How to Give a Budget Report

Budget reports should present financial findings in an engaging way.
Budget reports should present financial findings in an engaging way. (Image: Images)

Budget reports keep track of how company spending and revenue relate to budget benchmarks and goals. Quarterly reports help you manage profit and loss margins and make suggestions for improvements and adjustments. They also identify problem areas and pinpoint effective revenue building. Monitoring your budget through reports keeps staff informed on the budget progress and can promote action, so the reports must be delivered in clear and concise language.


An effective way to demonstrate trends, or a break from a consistent trend, is to present year-on-year data in your budget reports. If you present a quarterly report, show the budget goals and actuals from prior years. This could demonstrate if the season is typically slow or if current performance is above or below trend. An issue or unusual revenue gain can foster discussion that corrects the issue or continues the revenue-improving activity.


To demonstrate where things stand in relation to year-end goals, showcase the projected budget goal for the period. By showcasing this comparison between projections and actuals, you make it very clear where you stand and where improvements can be made. For example, if your company has multiple product lines, with budget goals for each, reflecting the budget goals helps reveal which are strong performers and which are weak links. This could cause shifts in advertising promotions, indicate a need for sales training, or slow purchasing for those products.


If a business segment is showing losses the budget report is the place to ask why. Solutions for getting the budget back on track should be suggested. For example, you could delve into past years to see who made substantial purchases and when, and then work those sales leads. Ultimately you need to advise a plan to hit the year-end budget goals even with any current losses.

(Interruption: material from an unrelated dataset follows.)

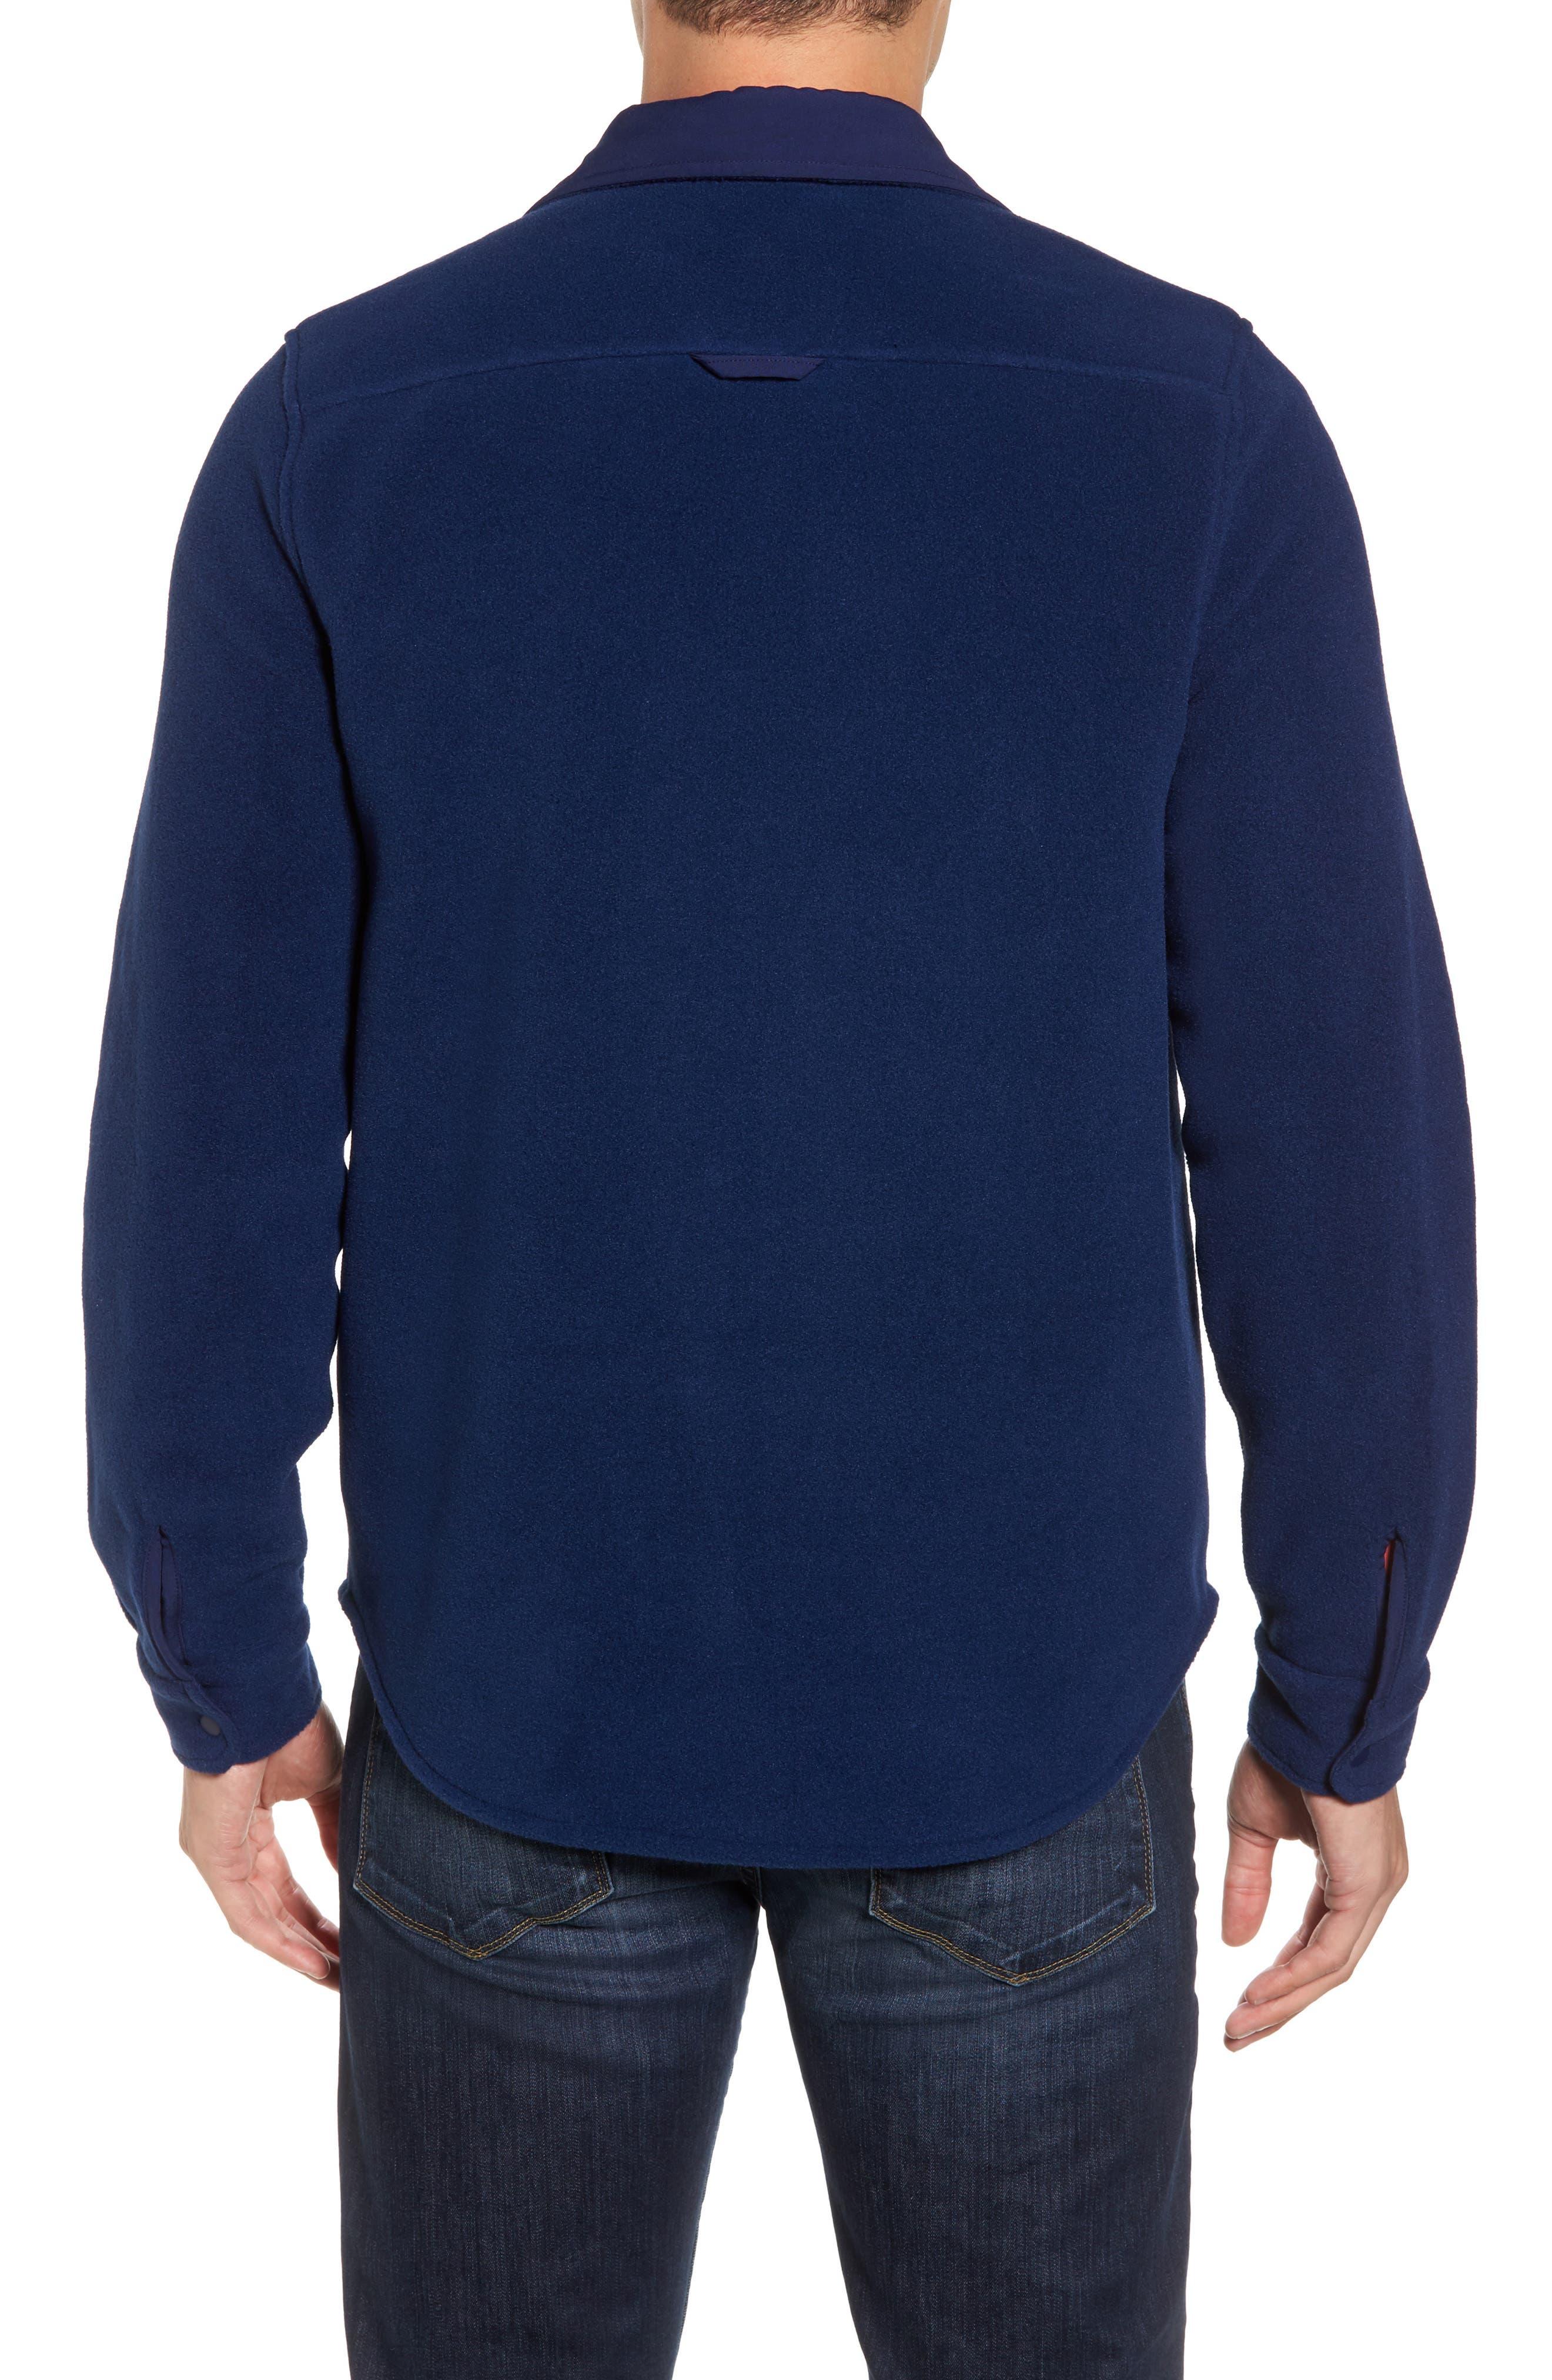 Alternate Image 2  - vineyard vines Snap Front Fleece Jacket

Identifying profit sources is just as critical in a budget report as showing loss sources. Unexpected revenue can help to balance out underperforming segments of the budget. Identifying unexpected or under-reported sources of revenue can create additional revenue. This could also offer clues that could prove valuable in coming months or years. For example, the excessive profits could highlight a sales representative or sales team that is especially effective. It could also showcase an advertising campaign that had powerful reach.